The plant hormone auxin steers various complex growth and developmental processes through a comparatively simpler nuclear signaling pathway that mostly acts via transcriptional gene regulation. The nuclear auxin signaling pathway (NAP) has only three set of components: the nuclear auxin receptor TIR1, the repressor Aux/IAA and the ARF transcription factors. However, the genetic redundancy of each NAP components in higher model plants (e.g. Arabidopsis thaliana with 6 TIR1,29 Aux/IAA,23 ARF) makes this signaling pathway complicated to understand in its entirety.
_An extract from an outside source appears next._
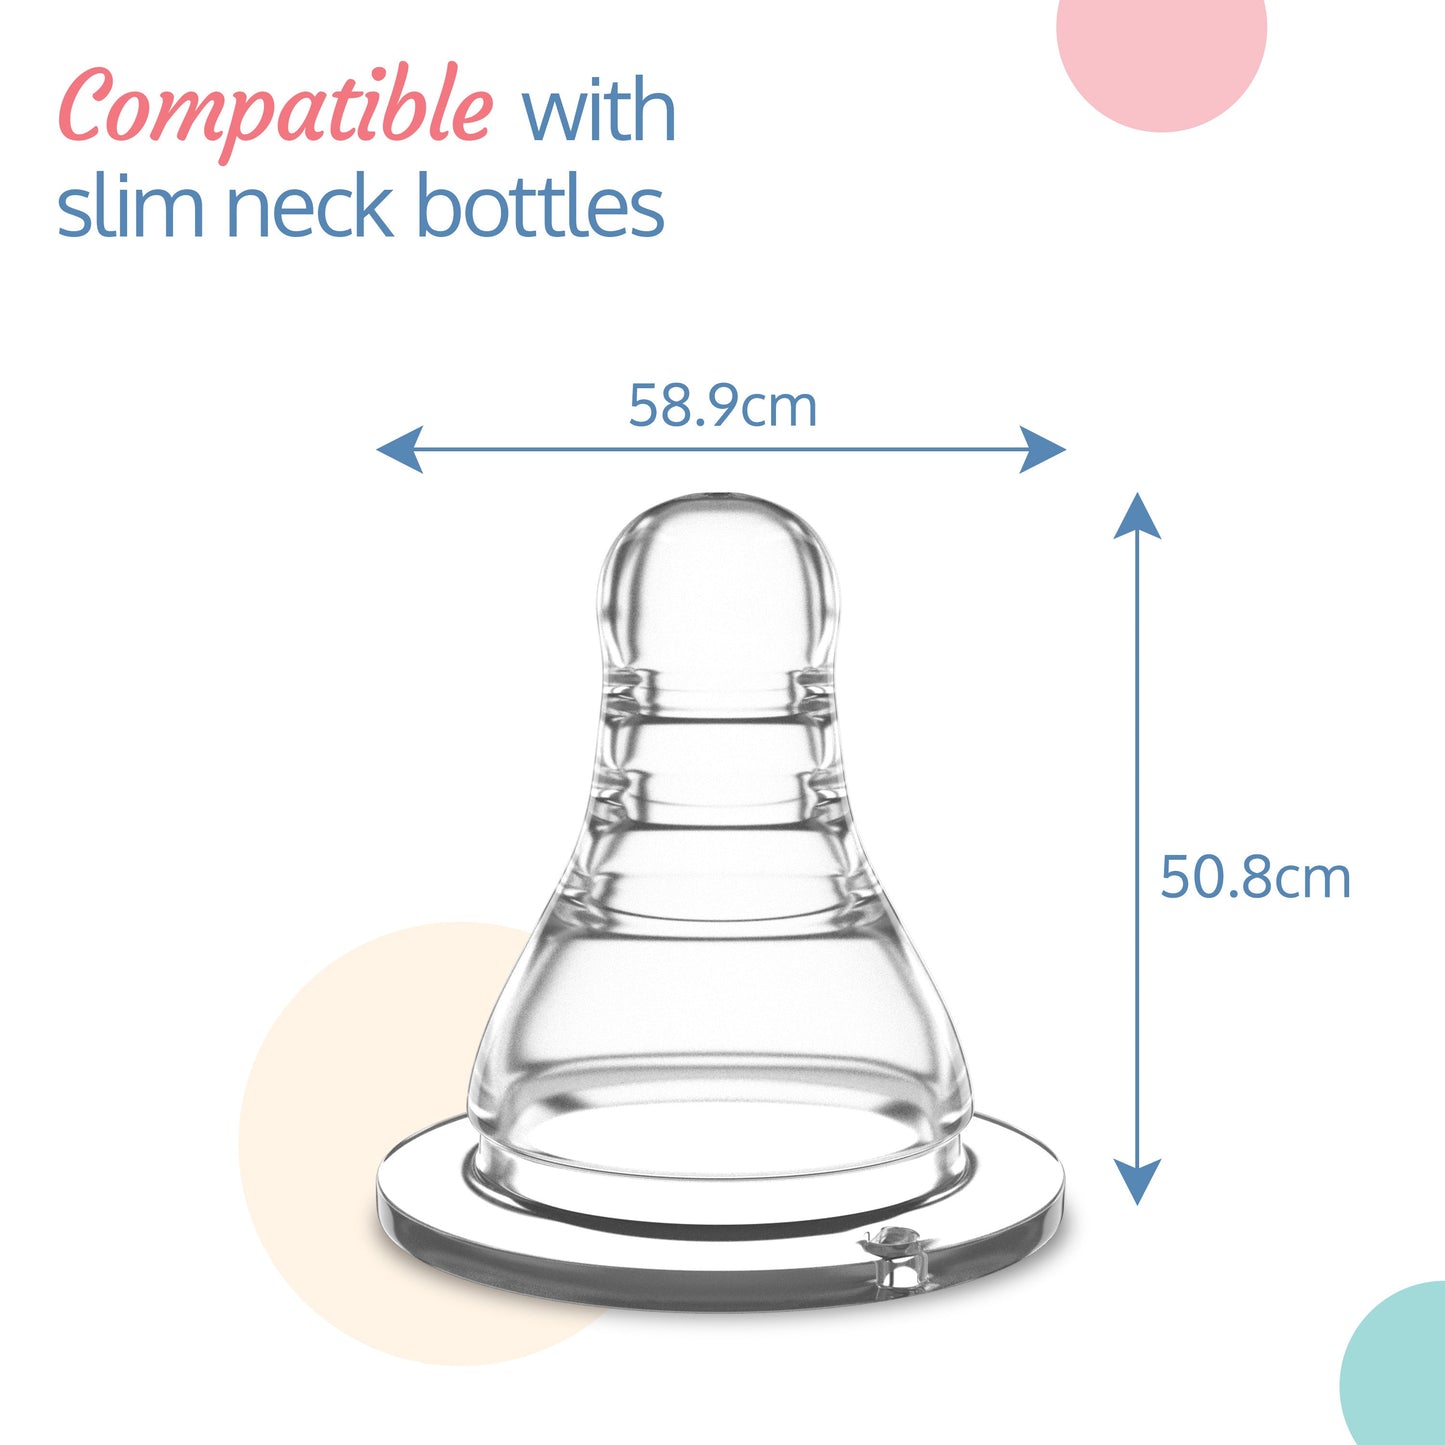 Anti-Colic Essential Teat/Nipple for Slim Neck Bottle, 4pcs, Fast Flow

With almost centuries of research on auxin, today we have a lot of qualitative information about this pivotal plant hormone signaling pathway. However, there is very limited example of any quantitative data that can provide sufficient comprehension. In my project the objective is to investigate the quantitative aspect of the auxin response protein (TIR1, Aux/IAA, ARF) interaction network. We are interested to look into the interplay of all auxin response proteins to have a quantitative overview of this dynamic protein network as a whole. To this end we are using various microscopic and spectroscopic tools to determine the in vivo protein concentration, their interactions, dissociation constants of each protein-protein and protein-DNA interactions. With all this quantitative imaging data, we are aiming to develop a mathematical model that would identify the critical factors involved in the final signal output of the pathway.
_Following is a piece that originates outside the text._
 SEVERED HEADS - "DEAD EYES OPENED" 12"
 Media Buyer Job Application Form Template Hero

The model plant that we are using for our study is a liverwort Marchantia polymorpha which has the simplest NAP among all land plants with only 1 TIR1, 1 AuxIAA and 3 ARFs (each representing 3 different ARF classes present in higher plants). We expect this project to yield adequate quantitative cognizance of auxin signaling and reveal the key quantitative factors involved in auxin mediated plant growth and development.